Convention d’Aarhus: un accord pour la démocratie environnementale peu connu

C’est quoi cette Convention d’Aarhus ? Signée le 25 juin 1998 par trente-neuf États, la Convention d’Aarhus est un accord international visant la « démocratie environnementale ». Entrée en vigueur en Suisse le 1er juin 2014, elle assure 3 éléments essentiels : l’information et la transparence sur l’environnement, la participation du public aux processus décisionnels touchant l’environnement et l’accès à la justice en matière d’environnement. Cette convention est-elle correctement mise en oeuvre en Suisse ?

La Convention prévoit des droits étendus de participation du public par rapport à certaines activités étatiques touchant l’environnement. Pour les processus décisionnels, tels que les procédures d’approbation des plans, la Convention d’Aarhus stipule notamment que « La procédure de participation du public prévoit la possibilité pour le public de soumettre (…) toutes observations, informations, analyses ou opinions qu’il estime pertinentes au regard de l’activité́ proposée » (art. 6, al. 7). Il est aussi précisé que la participation du public doit commencer au début de la procédure, « c’est-à-dire lorsque toutes les options et solutions sont encore possibles et que le public peut exercer une réelle influence » (art. 6, ch. 4).
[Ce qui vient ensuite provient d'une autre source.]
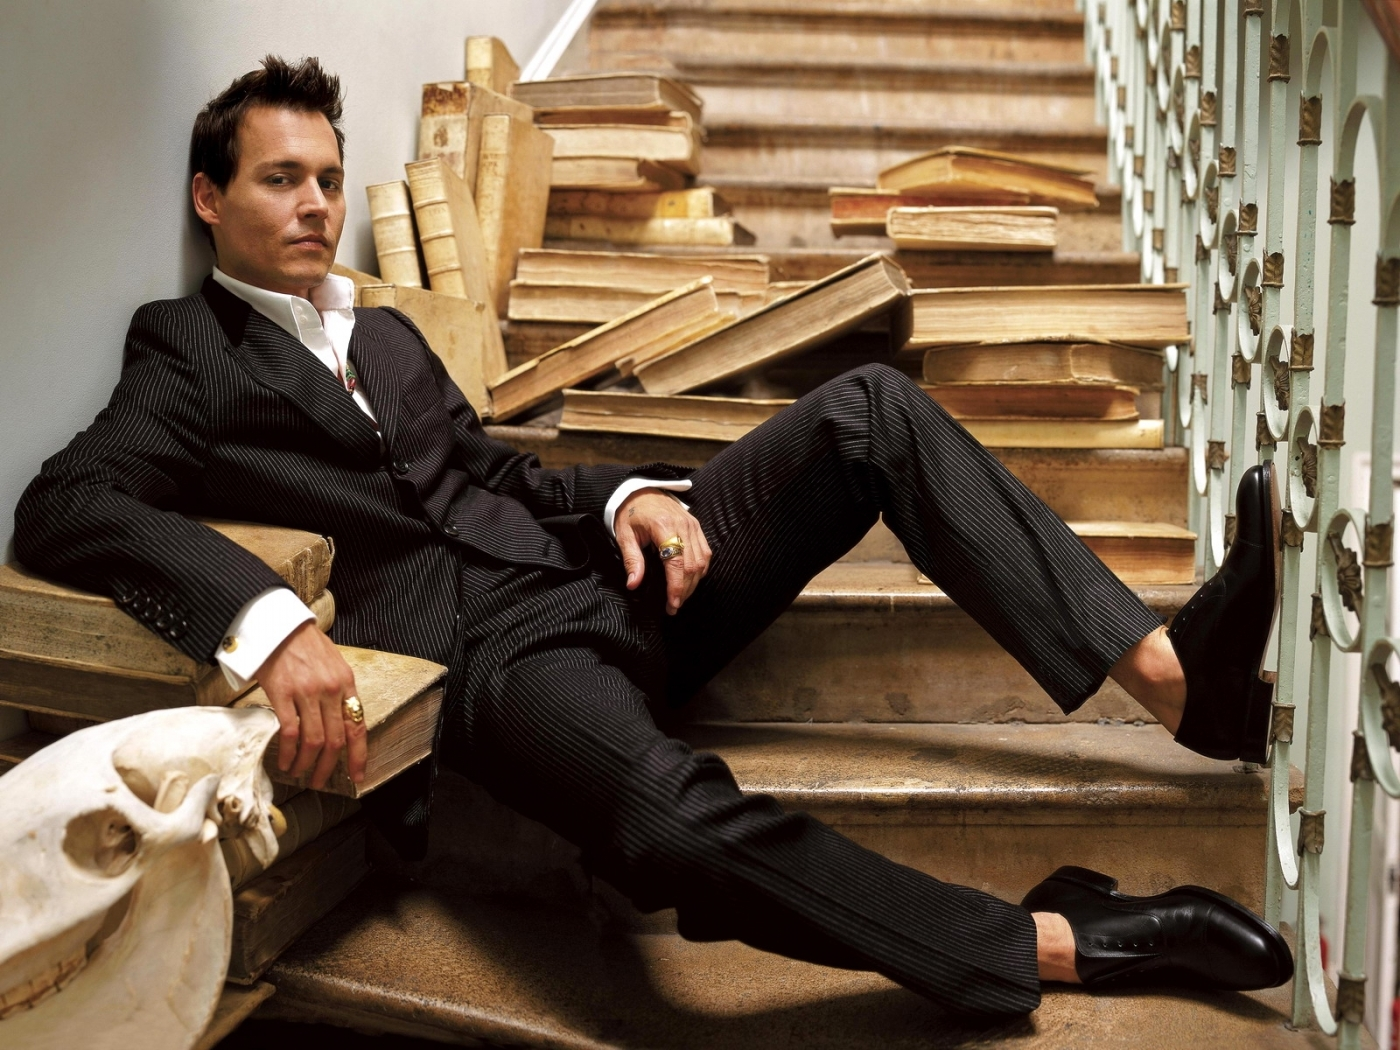 26624 Заставки и Обои Джонни Депп (Johnny Depp) на телефон. Скачать Люди, Актеры, Мужчины, Джонни Депп (Johnny Depp) картинки бесплатно

J’ai interpellé le Conseil fédéral lors de la dernière session de mars pour savoir s’il considère que la Convention d’Aarhus est correctement mise en œuvre en Suisse.

 

La Convention d’Aarhus pas complètement appliquée

Or, on constate souvent que la possibilité pour le public de participer à la procédure de planification intervient à un stade où les fiches objets se rapportant à des projets concrets ont déjà été élaborées. Une participation de la population à un tel stade ne semble pas obéir aux exigences de la Convention d’Aarhus. En effet, le public ne peut alors que se prononcer sur un projet précis et l’alternative « zéro » (ne rien faire) n’est pas considérée. Concernant la procédure d’approbation des plans, hormis dans le domaine miliaire et celui de l’asile, aucune procédure de participation du public n’est prévue par la législation fédérale sectorielle. Seule une procédure d’opposition réservée aux personnes directement concernées et non pas, conformément à ce qu’exige la Convention, au public en général, est mise en place.

 

Jean-François Collin : « Quand la soif de justice environnementale se retourne contre la protection de l'environnement... » - Le blog de JACQUES BERTHOMEAU

© Chappatte dans The New York Times

Devant le fait accompli ?

En pratique, ces manquements ont une des effets négatifs comme le montrent les exemples de la ligne THT Chamoson-Chippis ou la route de contournement de Bienne, qui vient d’être abandonnée après 20 ans d’études. Ces derniers ont mis en évidence l’importance cruciale de permettre une consultation publique des projets dès leur conception, c’est-à-dire lorsque toutes les alternatives, y compris l’alternative dite « zéro », sont encore ouvertes. Une telle participation de la population à un stade précoce permettrait d’éviter d’importantes mobilisations citoyennes à leur encontre, diminuerait le nombre d’oppositions déposées au stade de la procédure d’approbation des plans et éviterait des dépenses inutiles. Ceci est non seulement souhaitable démocratiquement, mais permet également un processus délibératif beaucoup plus efficient, car ayant lieu très tôt dans la conception du projet. De plus, la durée de la procédure d’approbation des plans, souvent jugée excessive, pourrait être réduite.

Une mise en oeuvre complète de la Convention d’Aarhus n’est  pas qu’une question juridique, loin de là. Il s’agit bien de renforcer la participation de la population dès le début des grands projets afin de s’interroger sur leur opportunité, respectivement sur les meilleures variantes à mettre en œuvre.